[This article is by my friend John Lacny, a Pittsburgh-based labor activist. He wrote it at my request for my blog, Fire on the Mountain. Lacny possesses a pitiless eye for the mechanisms of domination employed by big capital, which make his pieces, like this one, a delight to read.]
One of the first bitter lessons you learn as an activist is the fact that just because people know the truth does not mean that things are going to change. People have to actually do something about it -- and organizing them to do something about it is one of the toughest things in the world, not least because it requires you to inspire people to believe that it is possible to change things.
That said, our adversaries are well aware that mass-based knowledge is a dangerous thing for them, which is why they invest so much effort in obscuring the facts. An especially illuminating example of this can be found in an article that appeared in the house organ of capital, the Wall Street Journal, just before Thanksgiving. It is entitled "The Boss Makes How Much More Than You? Controversial New Rule Would Make Companies Disclose Data," and it is accompanied by an illustration in which the average CEO is represented as a gigantic pig. (The average worker is portrayed as a much smaller piggy bank, but what do you expect from the WSJ.)

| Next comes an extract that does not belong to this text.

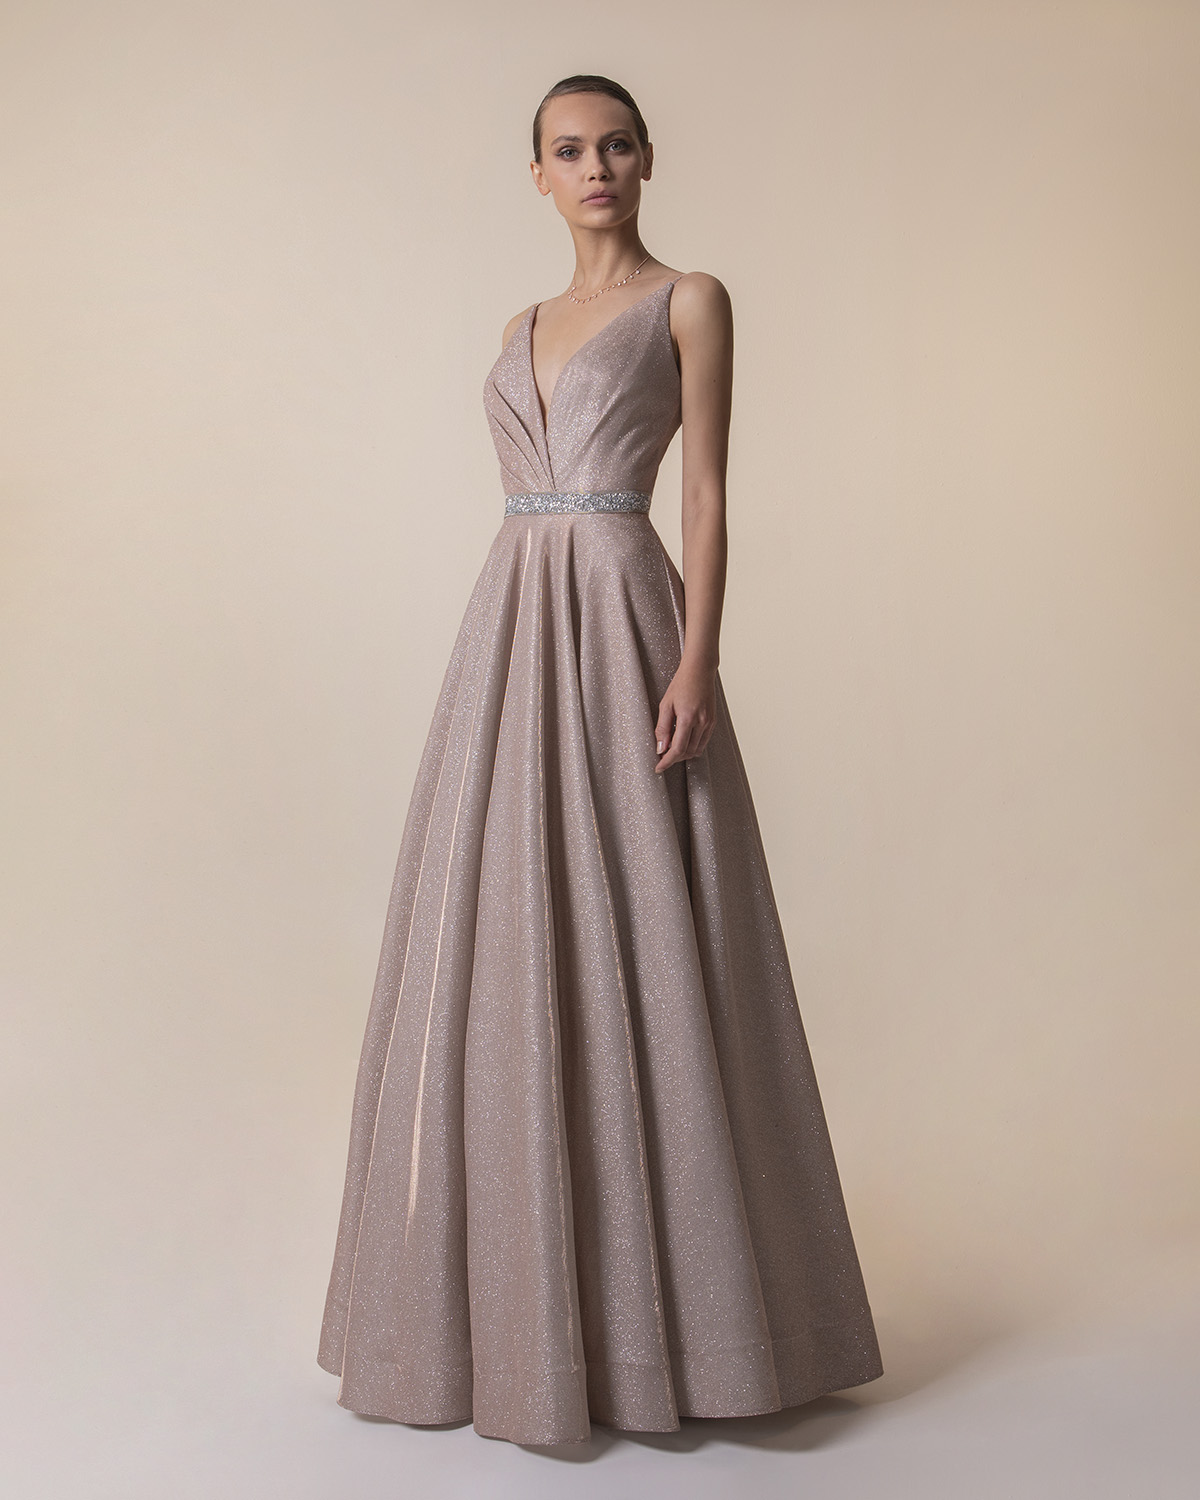 Вечерние платья / Long evening dress with shining fabric and beading around the waist

The subject is a new rule by the Securities and Exchange Commission, which would require US companies traded on Wall Street to disclose the ratio of pay between their CEO and their median employee. This rule has been a long time coming, and is the result of 2010's Dodd-Frank financial reform act. Dodd-Frank was a mild financial reform that has more than a few shortcomings, but much like the Affordable Care Act -- which is of similar vintage -- even its mildly progressive features have a way of causing vested interests to break out in hives.